How to beat a bank in 5 days: Part II
The following is the second part to the blog series “How to beat a bank in 5 days: http://movetobend.com/2011/03/how-to-beat-a-bank-in-5-days-part-i/
Day 3: Day 1 and 2 consisted of mad scrambling to get each and every document to the lender. After running around town and a tremendous effort by the owners of the home, the bank received the last document they needed last night at 6pm (my time). I called in the morning to verify receipt only to find out the gentleman handling the file and his boss/supervisor were both out of the office for the day. Luckily, the woman I spoke to was the same one I spoke to the day before. She not only confirmed receipt, but had her supervisor (as I am typing this, I just realized this bank has a ton of supervisors) help escalate the file and get it to the loss mitigation department (insert ominous music here). She told me I should be able to get some info by the end of the day around 5:30pm my time.
I called an hour early just to make sure I could reach her and I couldn’t get through to anyone except voicemail. When I heard the voicemail I started pushing buttons trying desperately to get a human. After the 3rd voicemail, I hit the zero key one more time and punched in an extension previously given to me. Someone answered. The connection was terrible and I could barely hear him. I asked for her, told him the extensions I already tried, etc. He tried to locate her but couldn’t, and then asked if he could help me. I went through the normal routine and gave the account number, my name, the property address, borrower’s social security number, and favorite color (other than the favorite color, this is usually what banks ask to make sure I have authority to discuss the account and that a stranger isn’t calling to steal the identity of the person losing their house). After confirming I was me and he was him, he proceeded to tell me that the request for extension was rejected by guess who? Yep, a supervisor.
“Why?” I asked.
The man replied “…because we can’t get a broker price opinion done before the foreclosure auction date.”
My heart sank. If at first you don’t succeed…. I pleaded with him. He asked the offer price. Instead of asking what the (insert superlative) does this have do with the auction being delayed, I composed myself and said “$x thousand”. Before he had time to respond, I started in explaining how long this home has been on the market, how this was a miracle offer given property condition, the tragic state of our real estate market, and that the only reason we received the offer was because we found the one person in the world who would have interest in this “unique” property. I finished with “Trust me. You guys don’t want this one back.”
He said he would transfer me to the gentleman responsible for the denial (supervisor, in case you forgot) but explained I would have to leave a message and wait for him to get back to me. I thanked him and waited for voicemail. Then what to my wondering ears should appear…a live person chimed in and said “Hi, this is Aslan. May I help you?” (To protect the privacy of the individual, I have selected a fictitious name).
I started over. “Aslan, my name is Josh Hansen and I am trying to find out why the request for a short sale was denied for this file. Can you help me?”

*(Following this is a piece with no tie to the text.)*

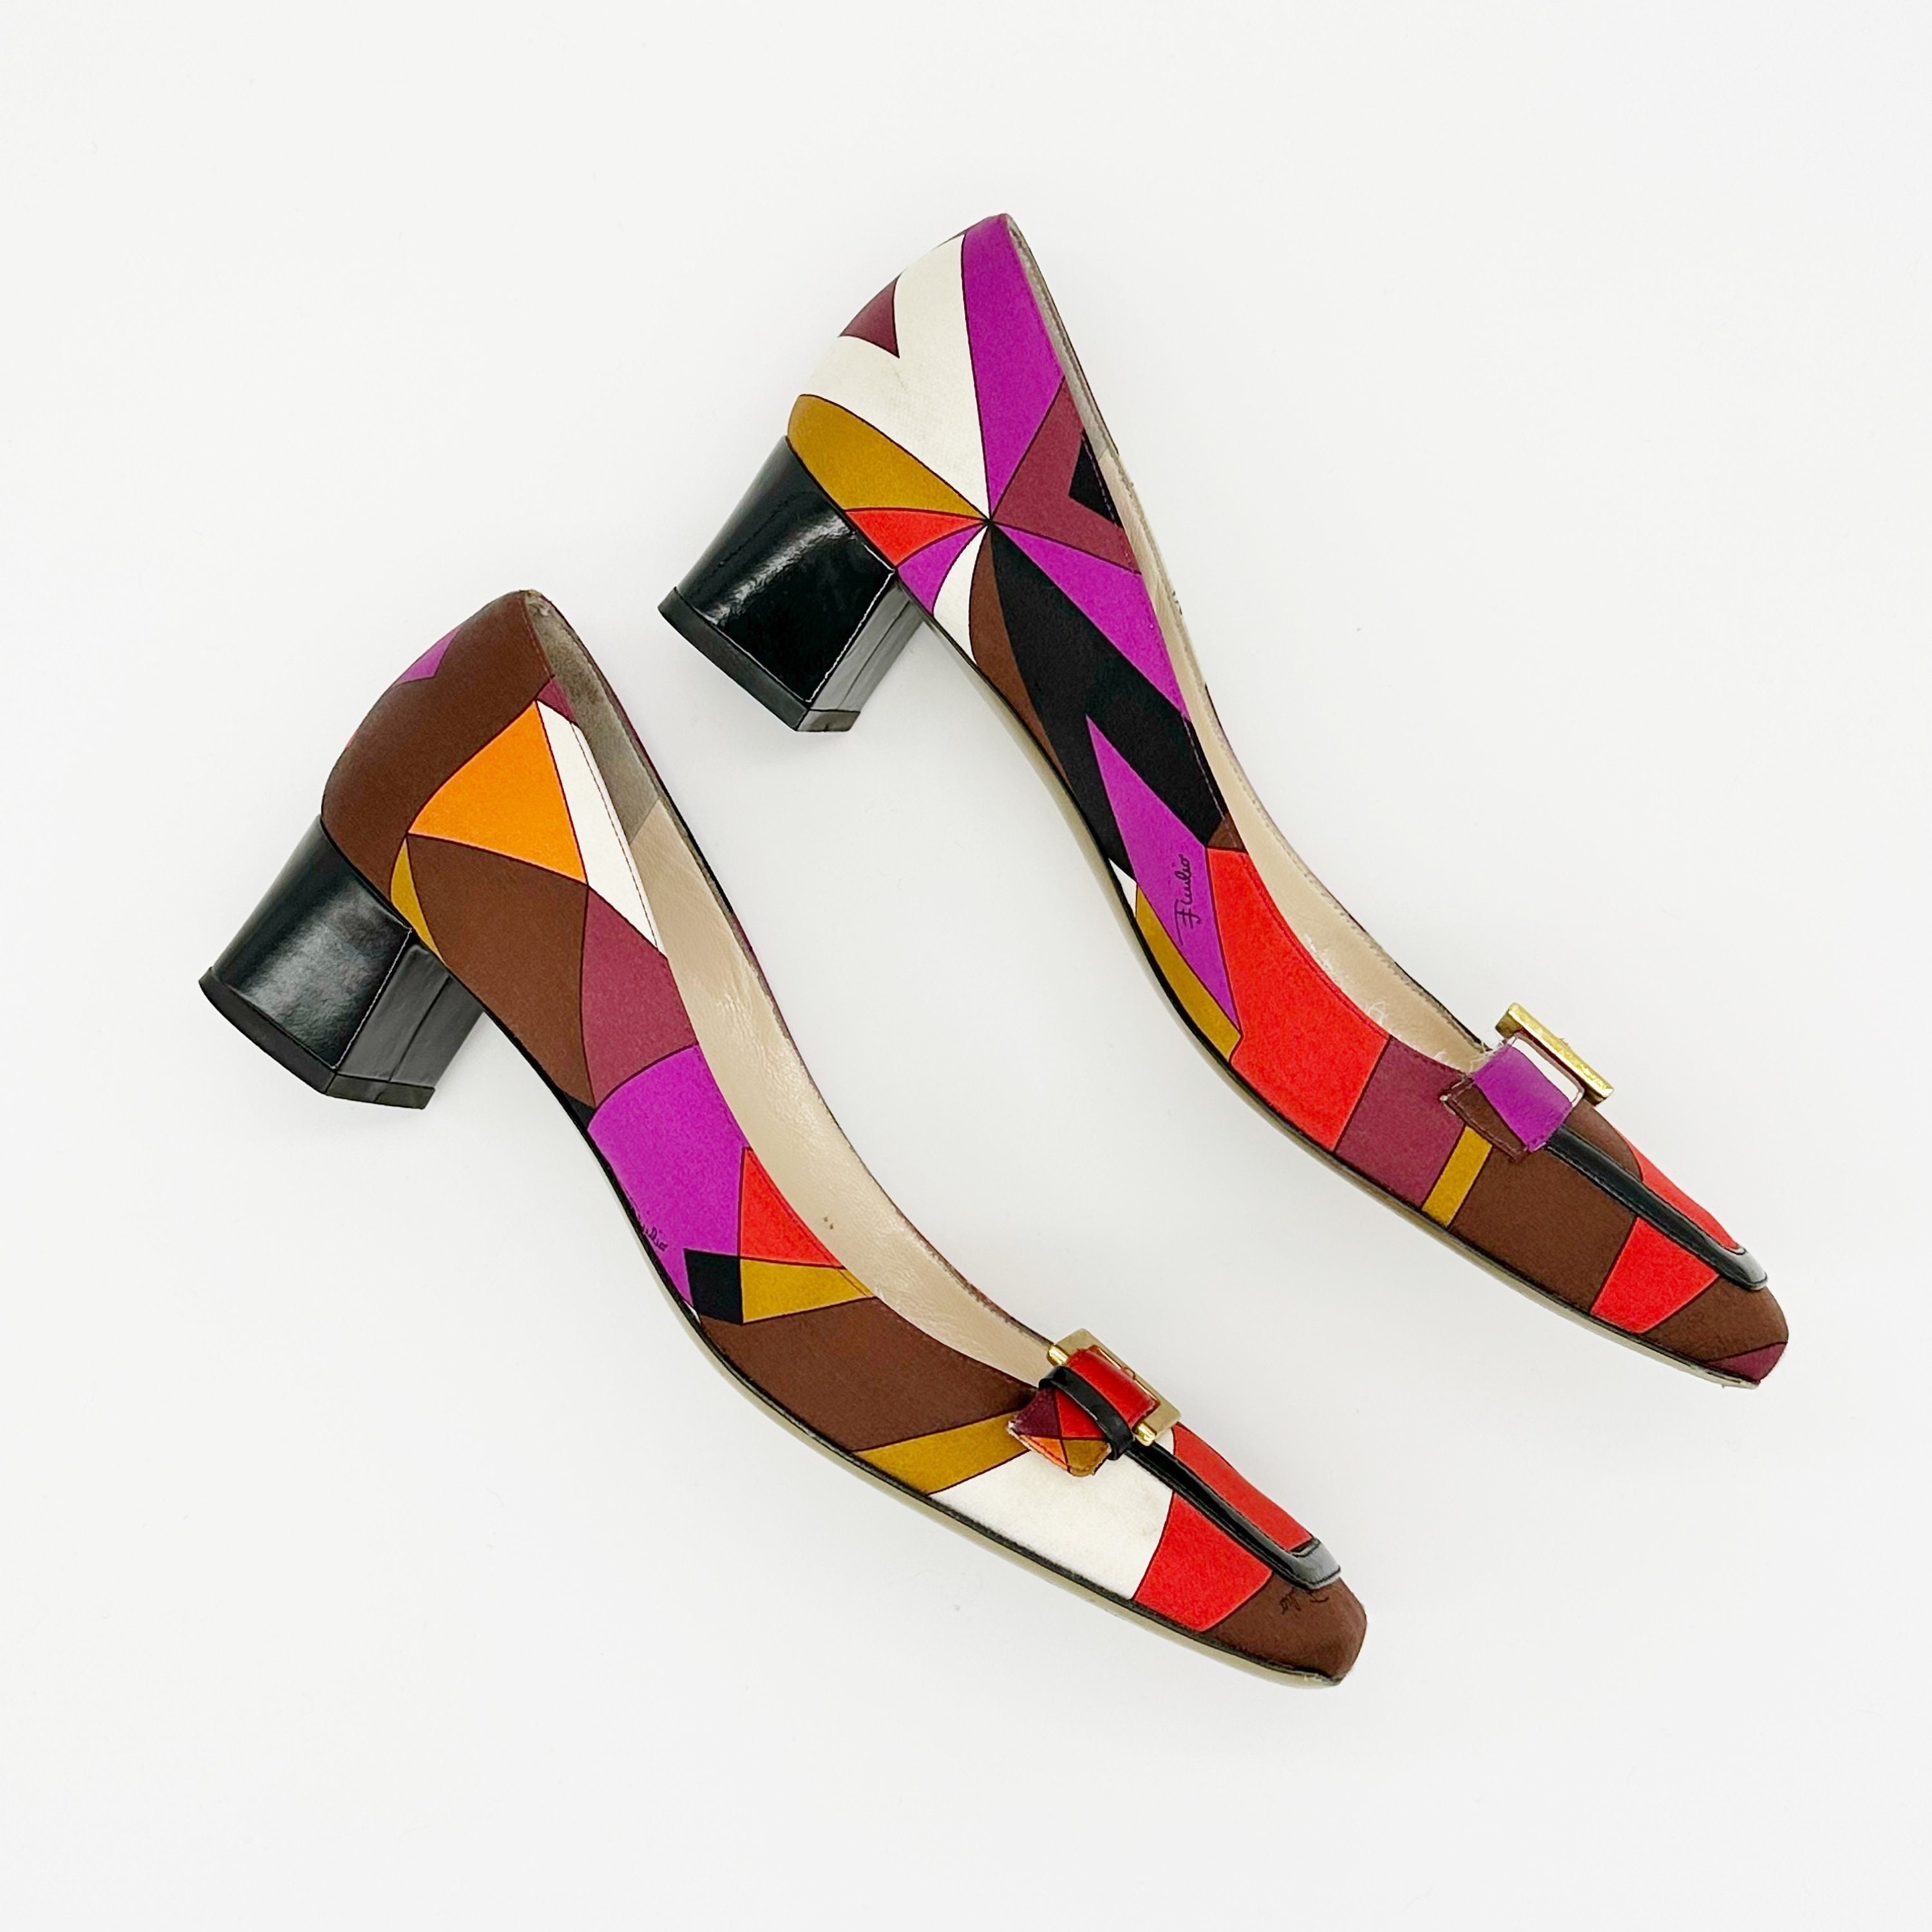 EMILIO PUCCI: shoes with abstract print - Multicolor  Emilio Pucci shoes  9R0046G0061 online at

He replied “We just don’t have enough time…I mean, it’s 6pm my time, 5pm your time…and the sale is less than 2 days away. There is no way we can get a value prior to the auction time.” Composure is key with these people.
Instead of duh, I have a clock and duh, I know your time is 1 hour ahead, and duh, the auction is on Friday, I kindly replied with “I know, Aslan. That is why it is so important we talk about this now.”
He continued “If we had this paperwork 30 days ago, it would be…”
I interrupted “30? How about 60? Trust me, Aslan, If we had received an offer earlier, I would have gladly submitted it (courtesy chuckle). Problem is, we didn’t.”
“I know, I know…” he said and then paused. I had him. “Well” he continued, “What is the offer price?” (Seriously, what is the deal with the stupid offer price?).
“$x thousand” I replied. “Look, I’m not asking for an indefinite postponement, just long enough for you to evaluate the value so everyone involved will know this is a great deal for your bank. Trust me; you don’t want this one back.”
After stammering for an eternity of 3-4 seconds (which, given the hour difference and short time frame, seemed like forever), he said “Well” he sighed and then continued “It’s about 6pm my time and I doubt the person who can help us is still in the office, but I will call him. Is it okay if I call you back in about 20 minutes? Is the number you called from the best one to reach you at?”
Again, composure is key. Rather than “Don’t end a sentence in a preposition” I said “Absolutely, Aslan. You can call me anytime.”
He finished with “If I can’t reach him, I will call you in the morning.”
I responded “Oh, thank you Aslan, I can’t tell you how much I appreciate your help”. To be continued….
Note from the author: For what it’s worth, even though this post is laden with sarcasm and seemingly insincere gestures, I am very thankful for how this bank is treating me on the phone and everything they are doing to help the borrowers avoid foreclosure (if they don’t postpone, I won’t be surprised and I assure you I will broadcast their ineptitude via every outlet I can find). But, at least they are kind. End of rant.